I nodded again. "That's a great idea, Maman Aishetu."

The next time I stopped by the buka, there were over fifty tiny bottles of liquid soap and hand sanitisers displayed on a table near the entrance.

"Are you selling these, Maman A?"

"No o," Kamalu answered from outside. "It's free of charge. People have been coming here to collect since last week."

Mararaba, the neighbourhood where Maman Aishetu's buka is located, sits on the border between Nigeria's capital, Abuja, and Nassarawa State.  A few weeks after the first covid case emerged, Abuja announced a country-wide lockdown, which failed to consider the homeless, like those under the Mararaba Bridge. What does a stay-at-home order mean for people who do not have homes? Where would they go? I wondered. The state provided neither answers nor solutions. Yet the order was clear: Everyone should get off the streets.

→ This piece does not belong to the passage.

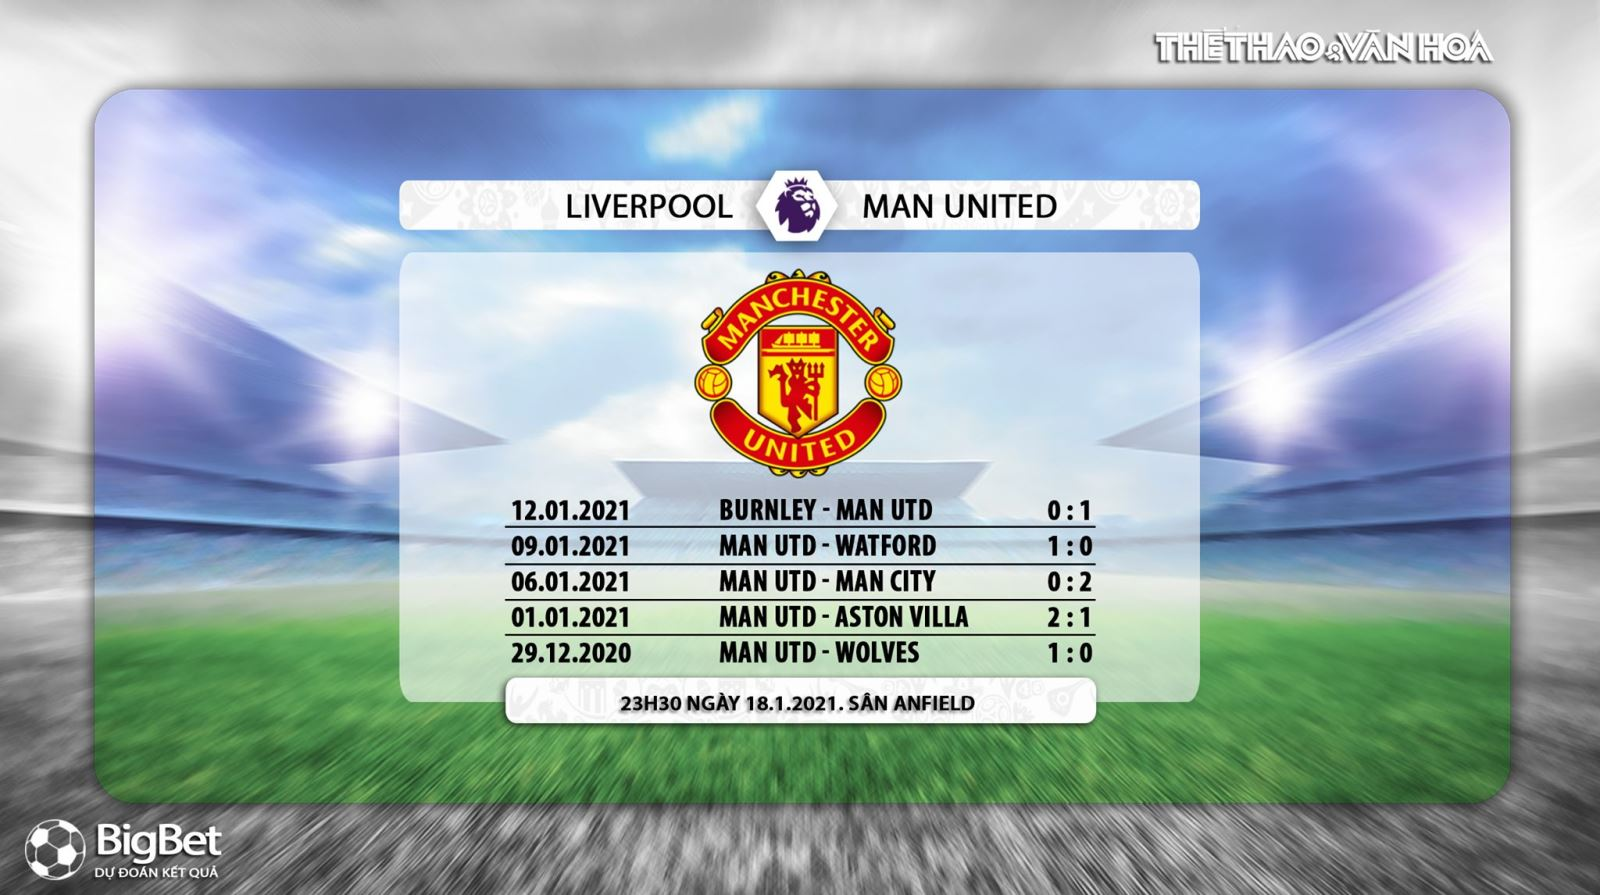 Trực tiếp Liverpool vs MU, K+, K+PM, MU, Trực tiếp bóng đá Anh hôm nay, Liverpool vs MU, Kèo nhà cái MU, xem trực tiếp MU đấu với Liverpool, trực tiếp Ngoại hạng Anh

On the eve of the lockdown, I went to Maman Aishetu's buka to pick up the packs of water I had delivered the day before to return them to the factory. The restaurant was the busiest I had seen.

I called out to Kamalu, recognizing his frame from amongst the masked men in the compound, "What is going on?"

"Maman A is turning her buka to a house o," he said, lugging one of the tables to a corner in the compound where others were piled.

I found Maman Aishetu vigorously sweeping the anteroom.

"What is going on?" I asked, hoping to get a clearer explanation than the one Kamalu had given me.

She straightened. "Aunty Yellow, lockdown is starting tomorrow."

I told her that I wanted to pick up the bottles of water I had supplied yesterday, seeing as she won't not be needing them.

"No o. I need them," she said, propping the broom against the wall and dusting her hands. "I'm turning my buka to a house."

"A house for whom?" I said incredulously.

"For the people under the bridge. Starting from today, they will be staying here until lockdown ends."

And that night and every day during the lockdown, the repurposed buka sheltered homeless people. And when anyone commended her charity,

Maman Aishetu simply responded with a shrug, "God put us in this world to help each other."

Months later, lockdown eased and life returned to normal, but on the table at the entrance of Maman Aishetu's buka, tiny bottles of hand wash, sanitisers and face masks sat pretty… free for all.